There isn't much difference in the planning costs for a $50 million USD solar generation facility when compared to a $800 million USD thermal coal project, so Chinese developers seem to be opting for larger-scale projects that offer better potential for profits.

This dynamic seems to be especially prevalent in the hydroelectric electric space. Chinese developers have built hydro plants in Cambodia that currently account for around half of the nations generation capacity, but this level of hydro development can be catastrophic for the river ecosystems.

Within the nations of Thailand, Cambodia, Myanmar, Laos, and Vietnam, Chinese money is behind 8 gigawatts of coal power projects, and 137 hydropower projects spread across Myanmar, Cambodia, and Laos that will produce an impressive 65 gigawatts of electricity when completed. There is no way to know how this level of human intervention will affect the river systems in South East Asia, but there has been an outcry from environmental groups over the build-out.
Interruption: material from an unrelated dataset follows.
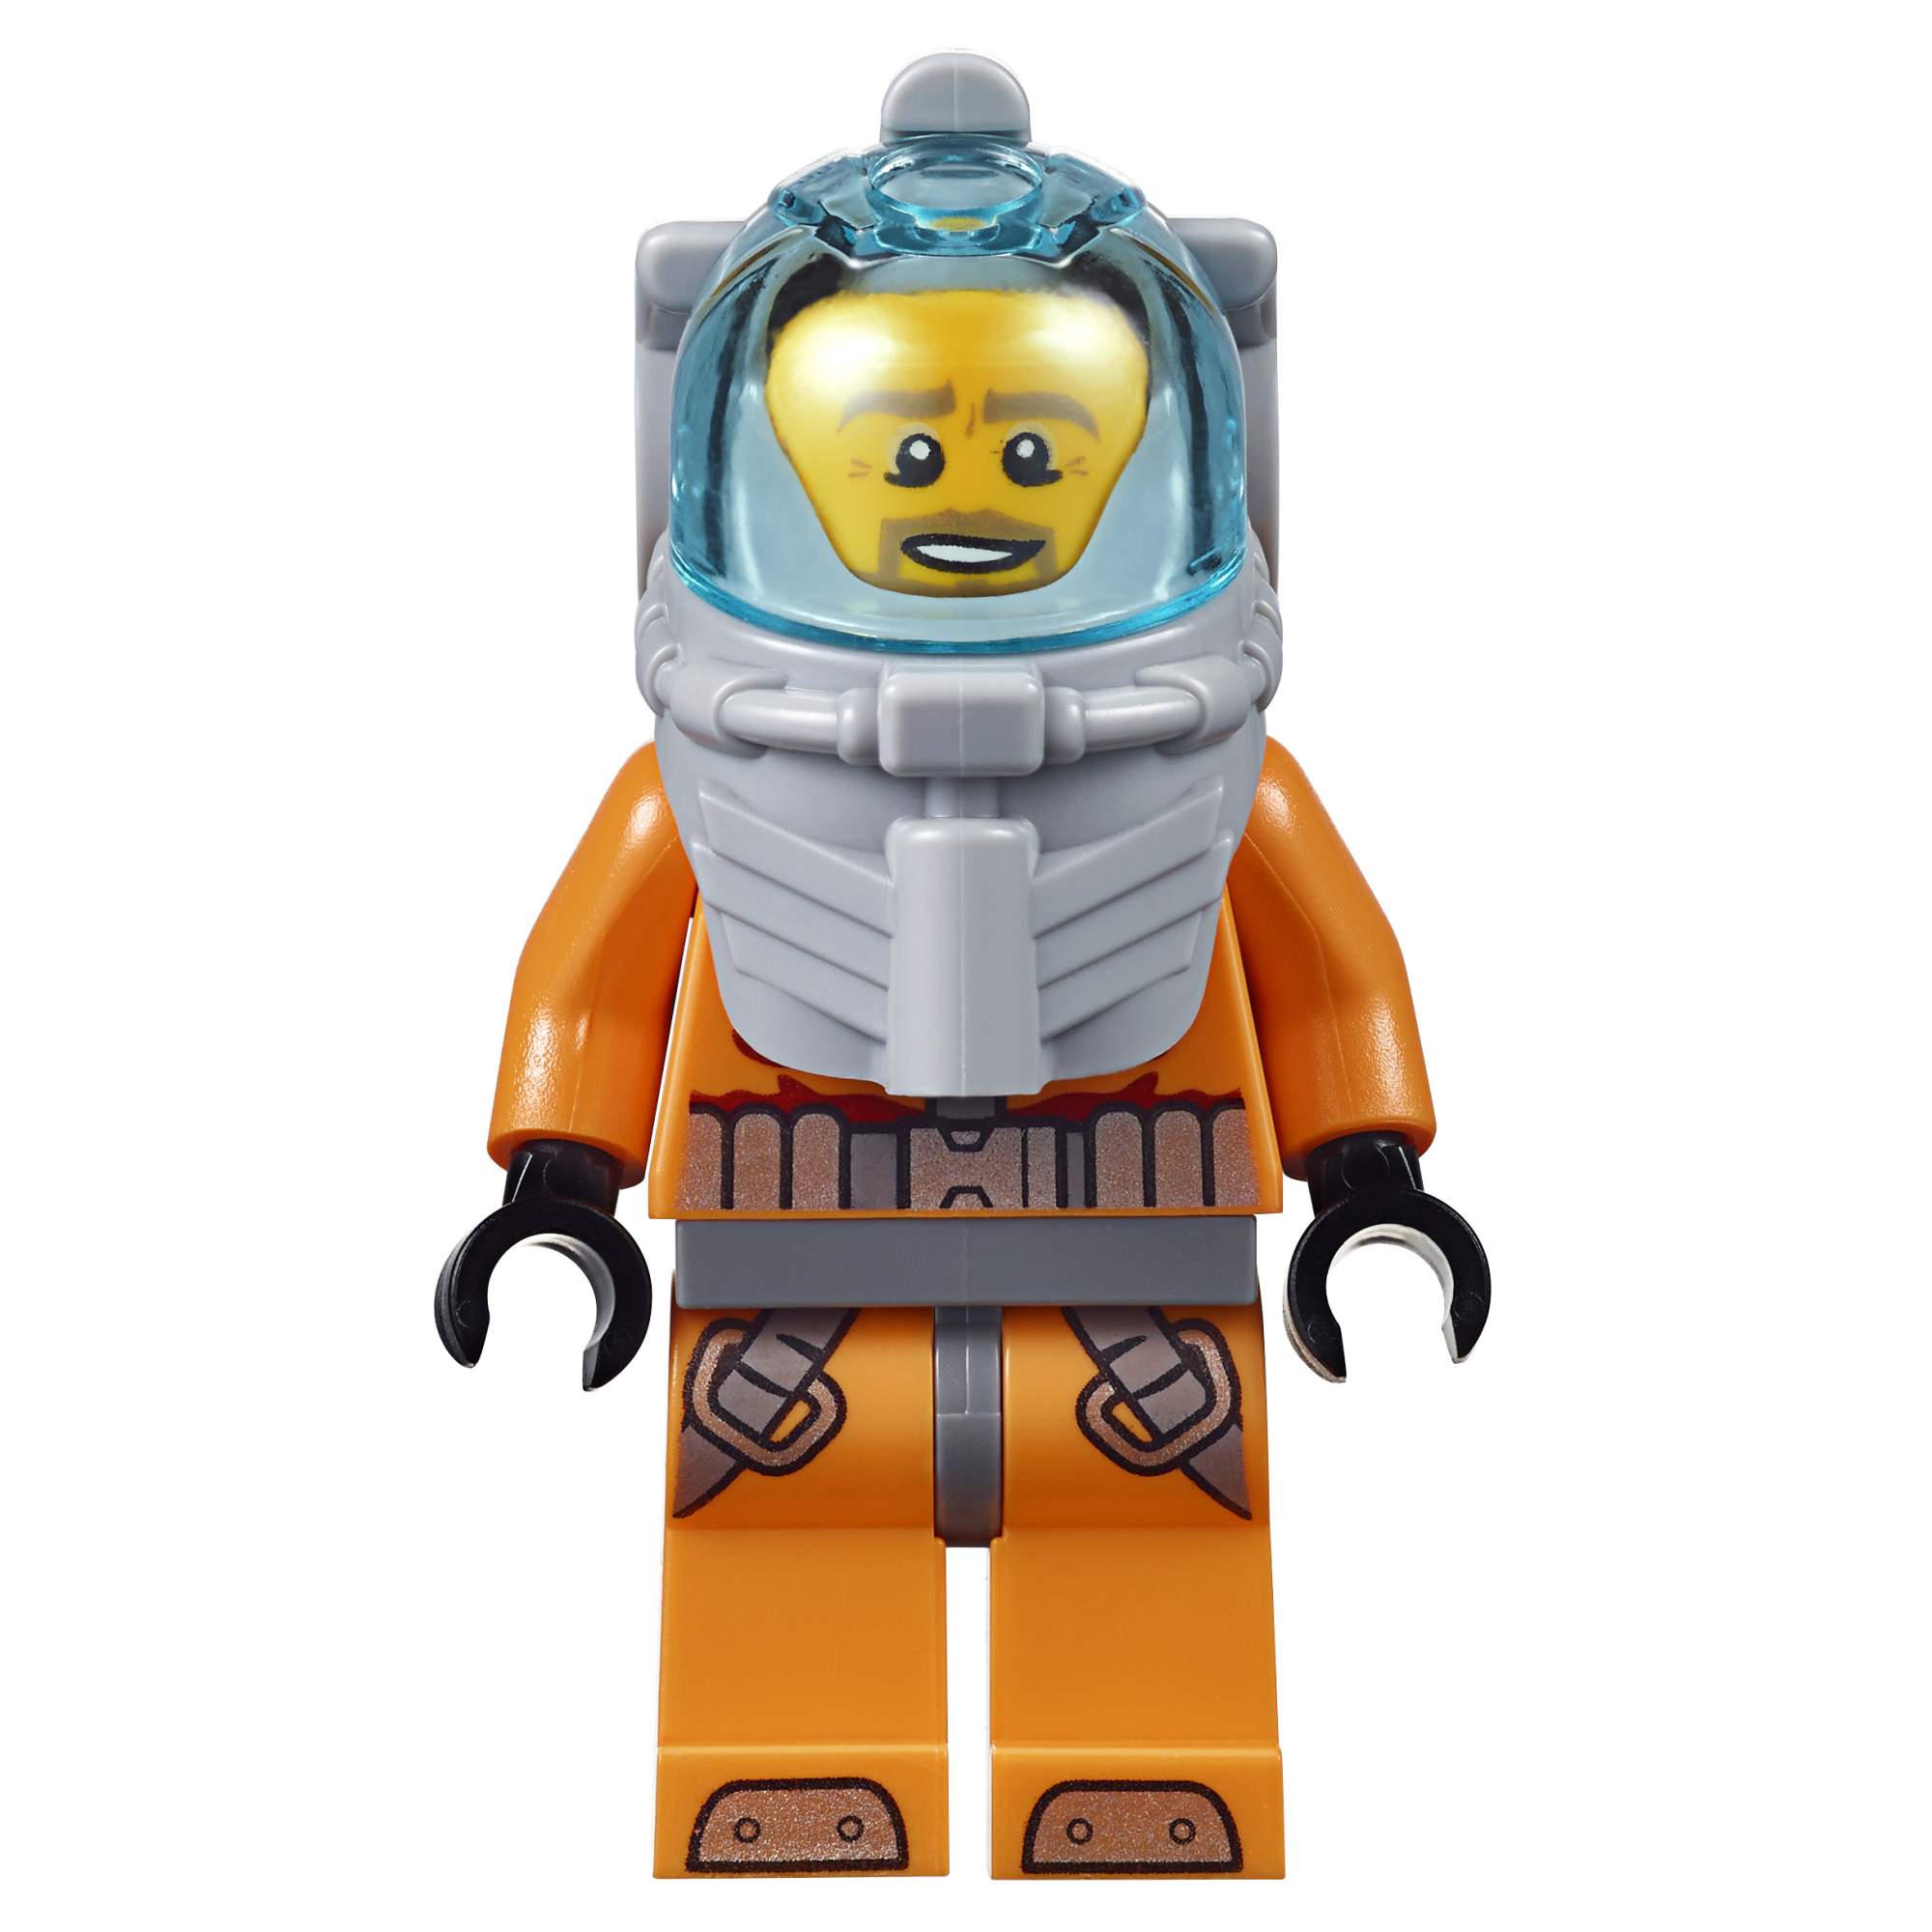 Конструктор LEGO City Deep Sea Explorers Глубоководная исследовательская база (60096)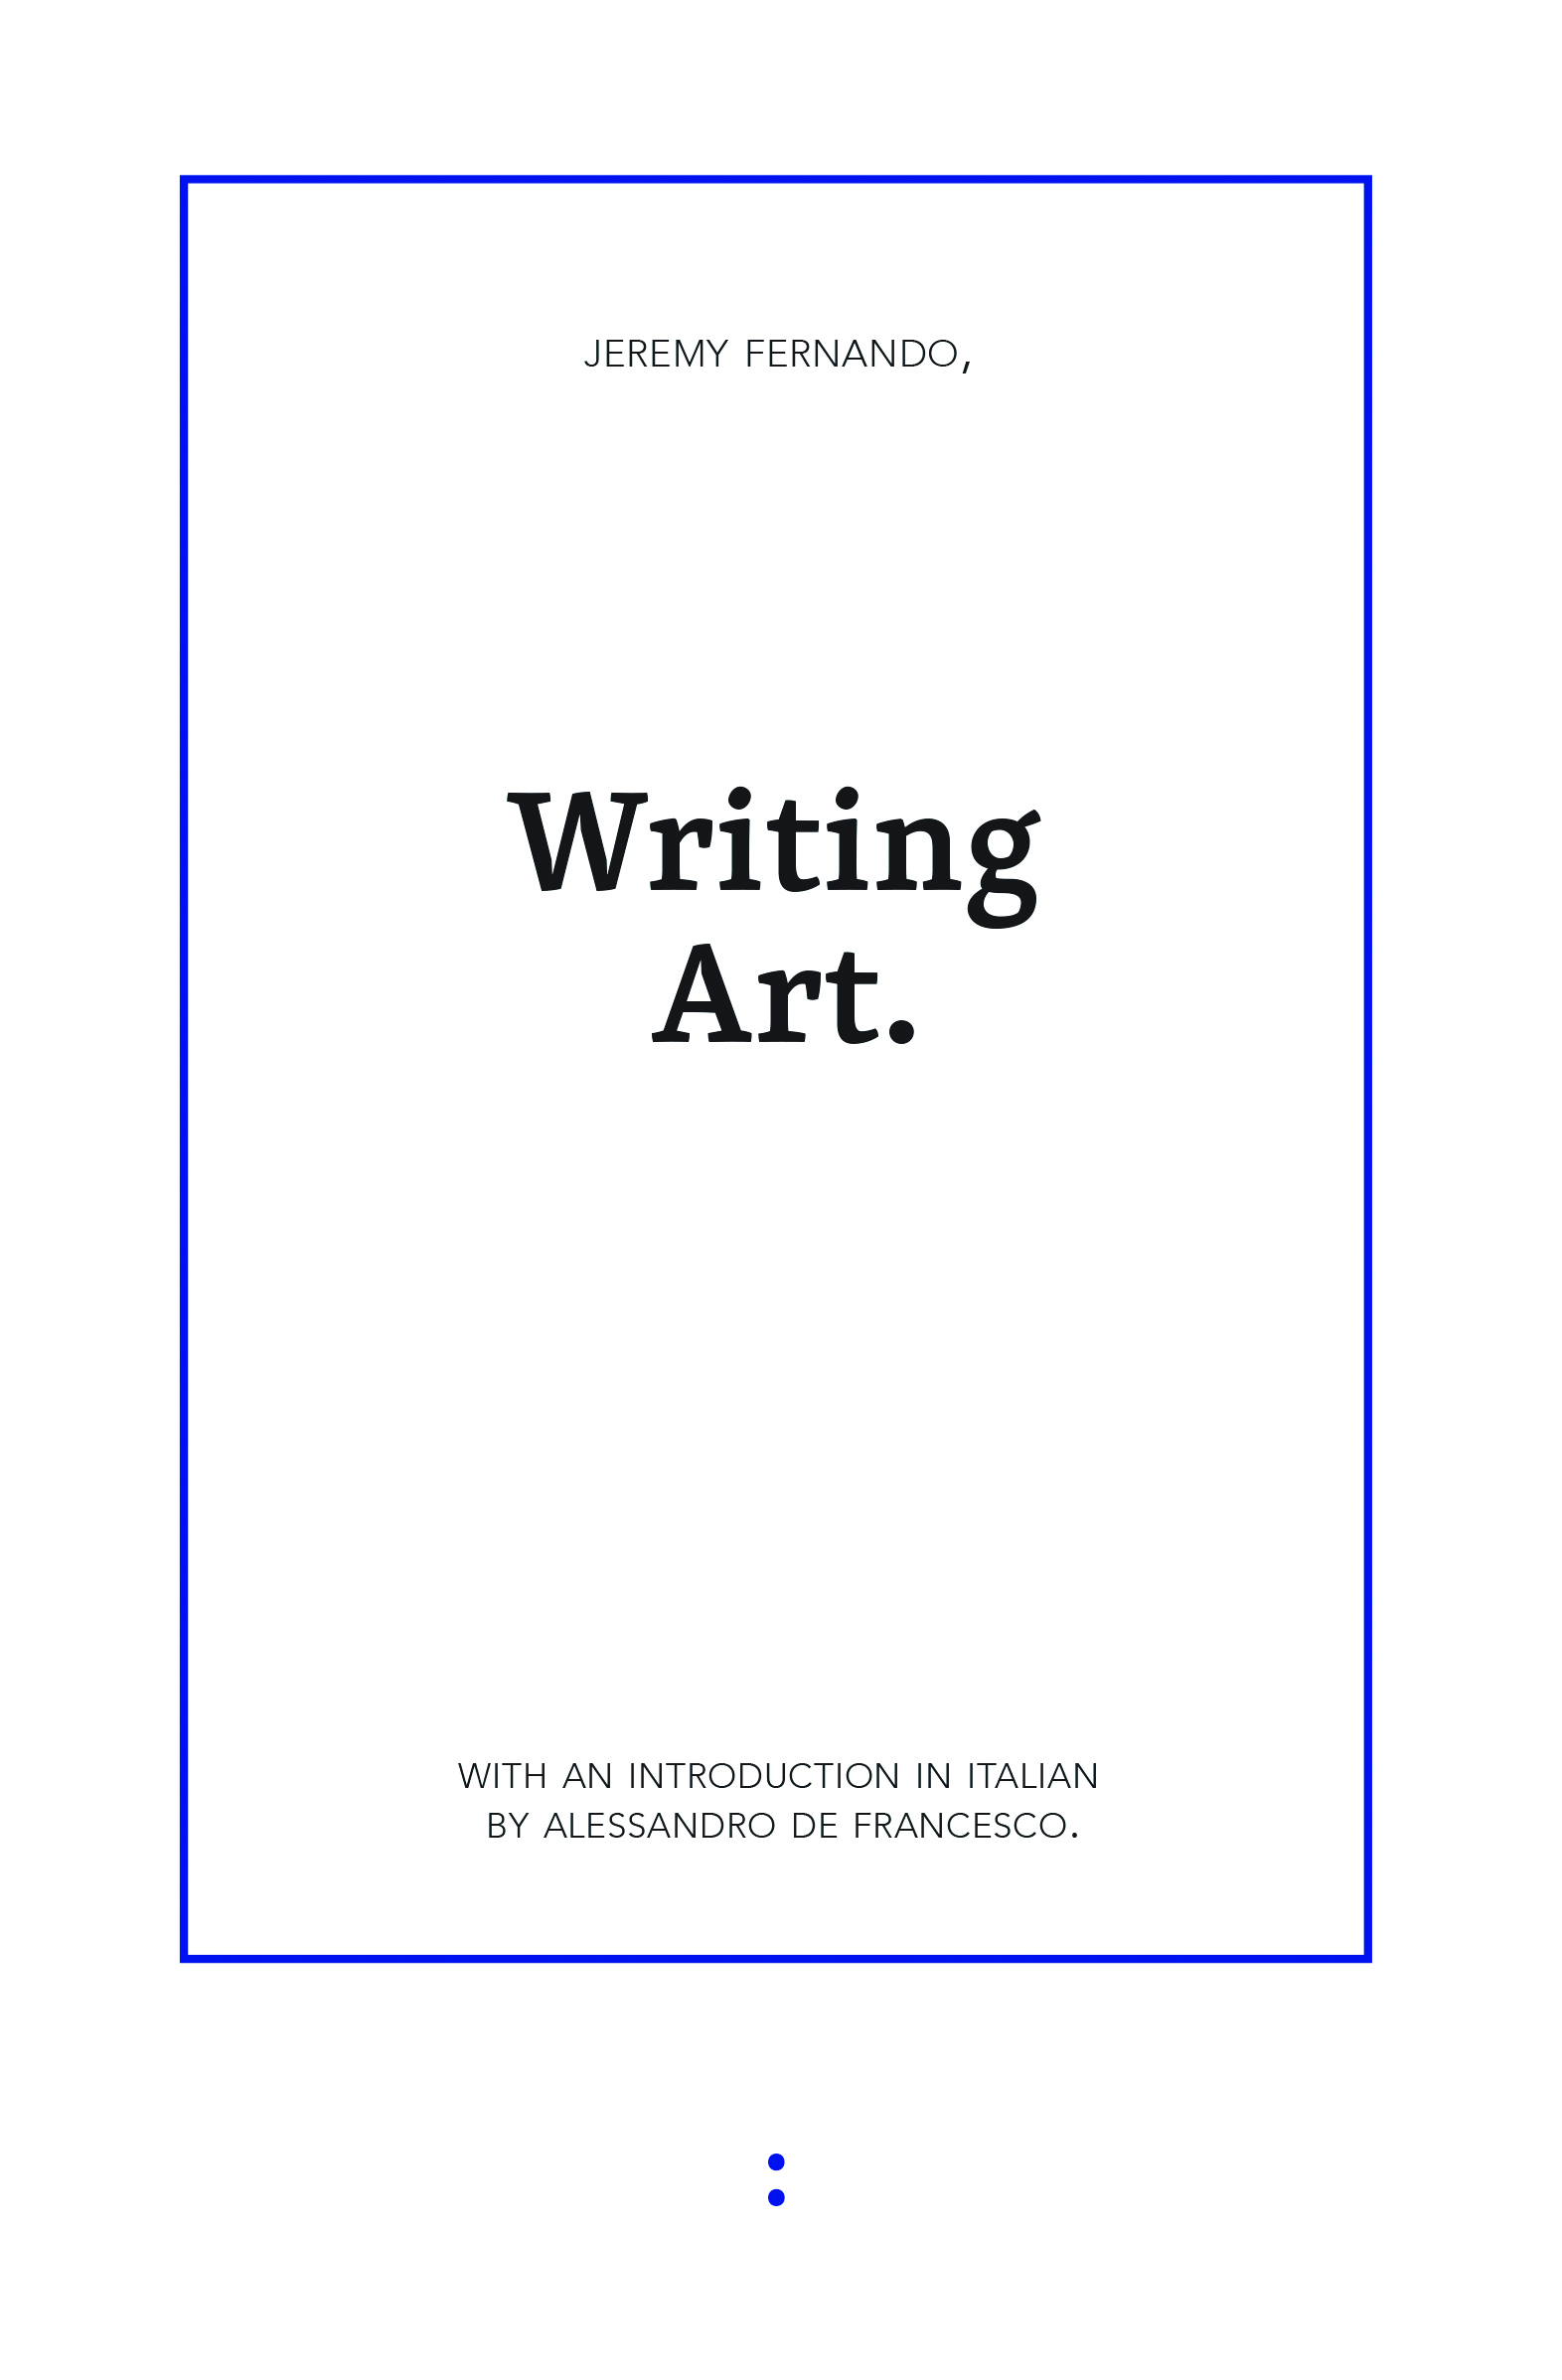 Writing Art (punctum books, 2015)

Local Resistance to Chinese Development is Growing

China has seen a number of problems develop in connection to its foreign investments over the last year. The 1MDB scandal in Malaysia was mostly financial in nature, but Chinese power projects in Indonesia and Kenya are being fought on environmental grounds.

A Chinese developer had been planning to use Chinese loans to build a coal power plant close to the seaside town of Lamu, in Kenya, which is a Unesco World Heritage Site. According to the BBC, the National Environmental Tribunal has halted development on environmental grounds.

The local people of Lamu have protested the development of the power plant, and are concerned over the pollution it may cause. The development of the coal-fueled power plant was halted in part because Kenya's National Environment Management Authority (NEMA) allegedly granted the plant's license without any sort of environmental impact study, or public consultation, which is flatly illegal in Kenya.

Chinese developers are also facing public opposition in Indonesia, where a deal backed by China Huadian Engineering is currently on hold after the Indonesian corruption watch-dog learned that the Chinese company's local partner had bribed officials to win the $900 million USD infrastructure project.

There is little doubt that Chinese investments are creating infrastructure in some of the poorest nations on earth, but the types of projects are not always in-line with the stated goals of the BRI.

China has the ability to create sustainable infrastructure in impoverished nations who are accepting Chinese development money, but it appears that outdated, dirty, and environmentally destructive power sources are being built at a rapid clip instead.